# Thunderbird mot de passe sécurité perso perdu



## pierre22 (1 Décembre 2007)

Bonjour à tous,

Quelqu'un pourrais m'indiquer comment "reinitialiser" le  mot de passe sécurité perso de Thunderbird  que j'ai oublié ?

Merci de vos réponses


----------



## Mobyduck (1 Décembre 2007)

Bonjour pierre22,

Ceci devrait t'aider.


----------



## pierre22 (1 Décembre 2007)

Merci pour la rapidité. 
J'avais pourtant fait des recherches

Bon WE


----------



## Mobyduck (1 Décembre 2007)

Y'a pas de quoi, bon week end à toi également.


----------



## JPTK (11 Janvier 2008)

On peut protéger l'accès à THB par un MDP ??


----------



## Mobyduck (11 Janvier 2008)

J'ai trouvé ça, par contre je sais pas s'il sera compatible avec Thunderbird 2.


----------



## pierre22 (11 Janvier 2008)

Merci. Mais ton lien précédent est au poil. 

 J'ai jeté le fichier Key 3 (cela implique la perte du mot de passe, mais puisque que l'on fait cela quand on ne s'en souviens plus...). Et quand on relance TBird, il nous invite à créer un mot de passe.

Cordialement


----------



## Mobyduck (11 Janvier 2008)

En fait, le lien ci-dessus est destiné à jaipatoukompri qui souhaite protéger, via un mot de passe, l'accès à Thunderbird.  

En tout cas, heureux d'avoir pu t'aider précédemment.  

Edit: J'ai encore lu en diagonale...  :rateau:


----------



## JPTK (11 Janvier 2008)

pierre22 a dit:


> Merci. Mais ton lien précédent est au poil.
> 
> J'ai jeté le fichier Key 3 (cela implique la perte du mot de passe, mais puisque que l'on fait cela quand on ne s'en souviens plus...).
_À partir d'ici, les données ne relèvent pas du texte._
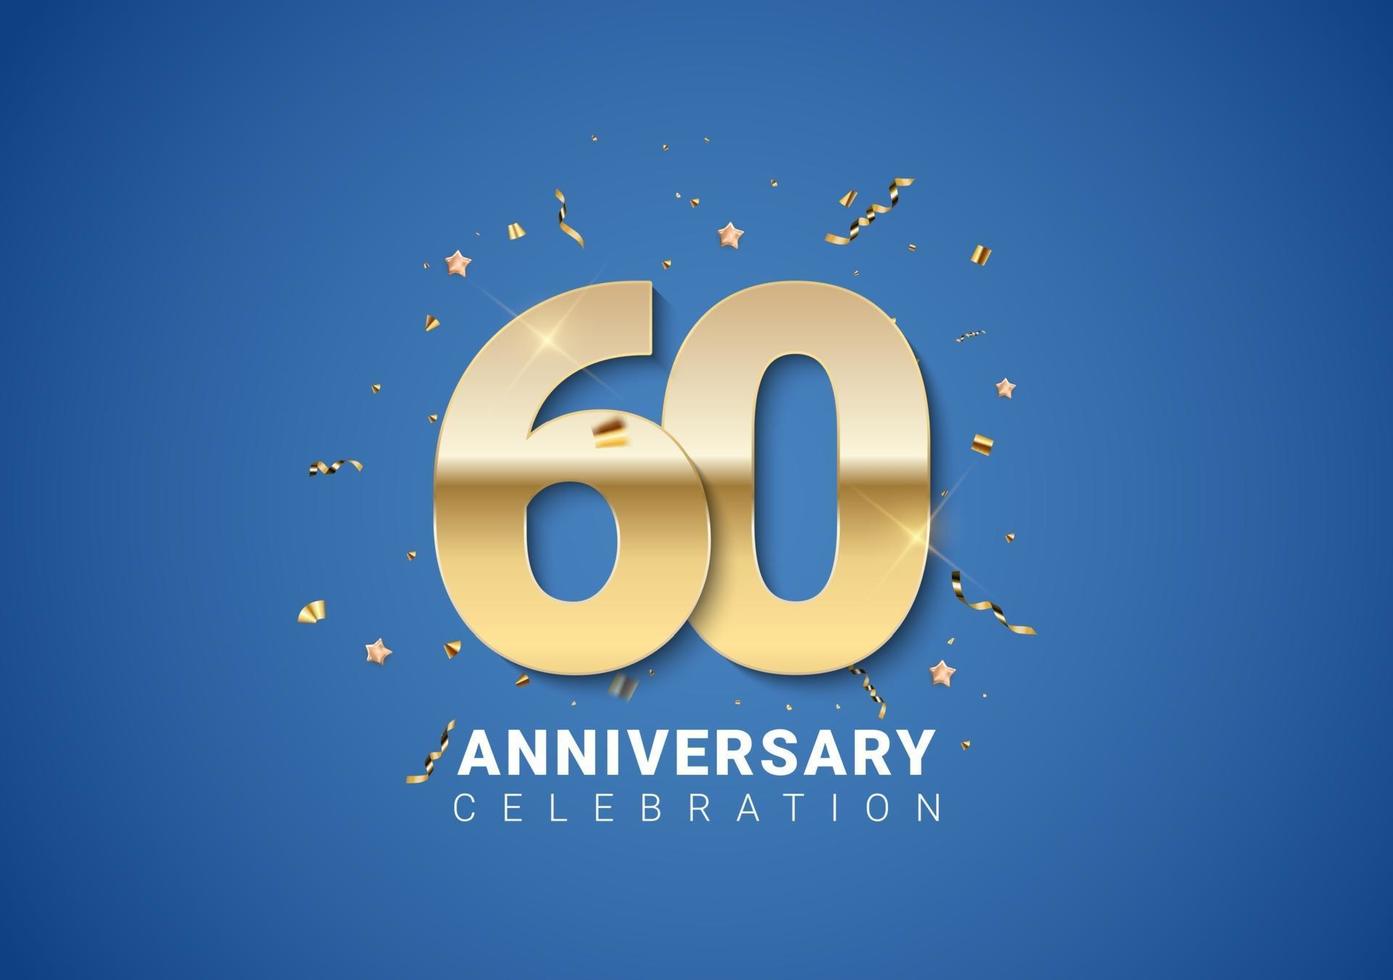 60 anniversary background with golden numbers, confetti, stars vector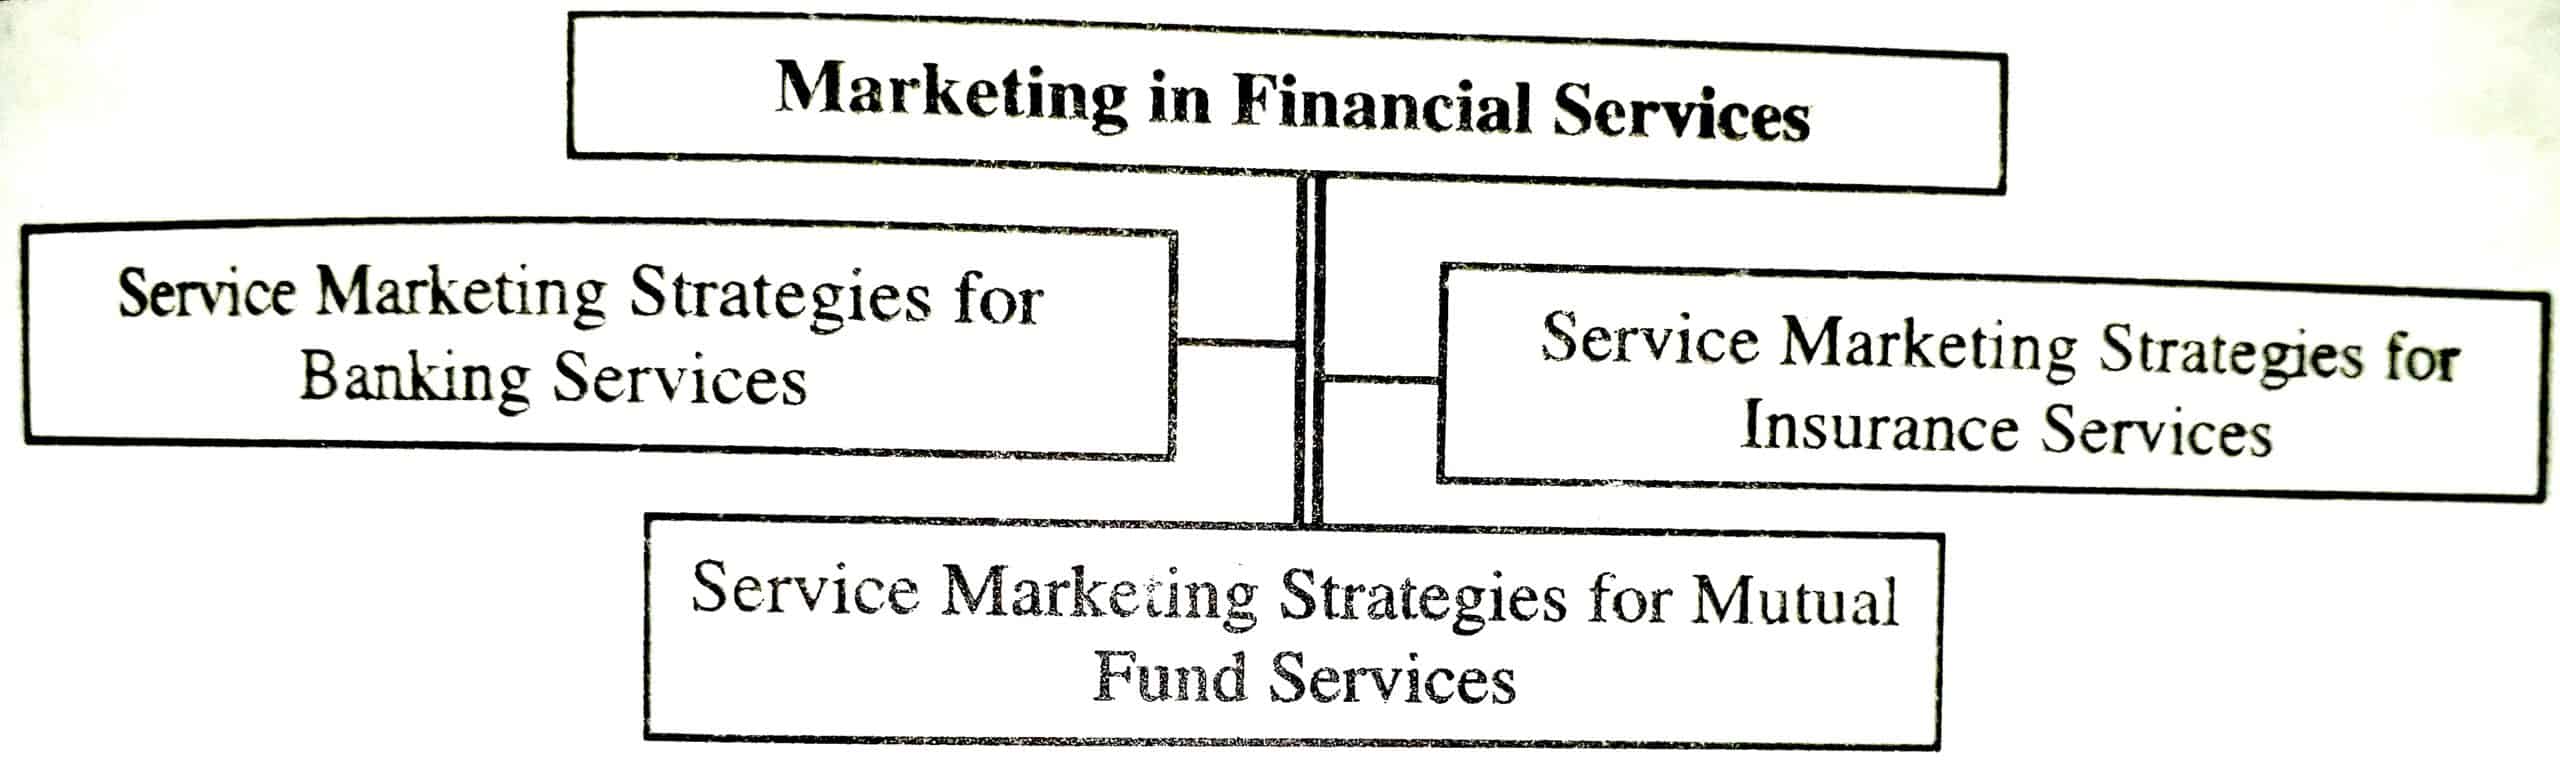 Marketing in Financial Services

Et quand on relance TBird, il nous invite à créer un mot de passe.
> 
> Cordialement



Damned ça fonctionne pas avec la THB 2 je suis vert, faut absolument que je trouve quelque chose :rateau:


----------



## JPTK (25 Janvier 2008)

Non personne ?


----------



## douda0512 (13 Juillet 2012)

Sous Thunderbird Outils puis Options... 
Dans la nouvelle fenêtre on choisi la catégorie Confidentialité puis l'onglet Mots de passe. 







Enfin on clique sur Modifier les mots de passe stockés 

Dans la nouvelle fenêtre il suffit de supprimer les mots de passes enregistrer des comptes que vous avez modifiés ! 






On quitte puis redémarre Thunderbird !


----------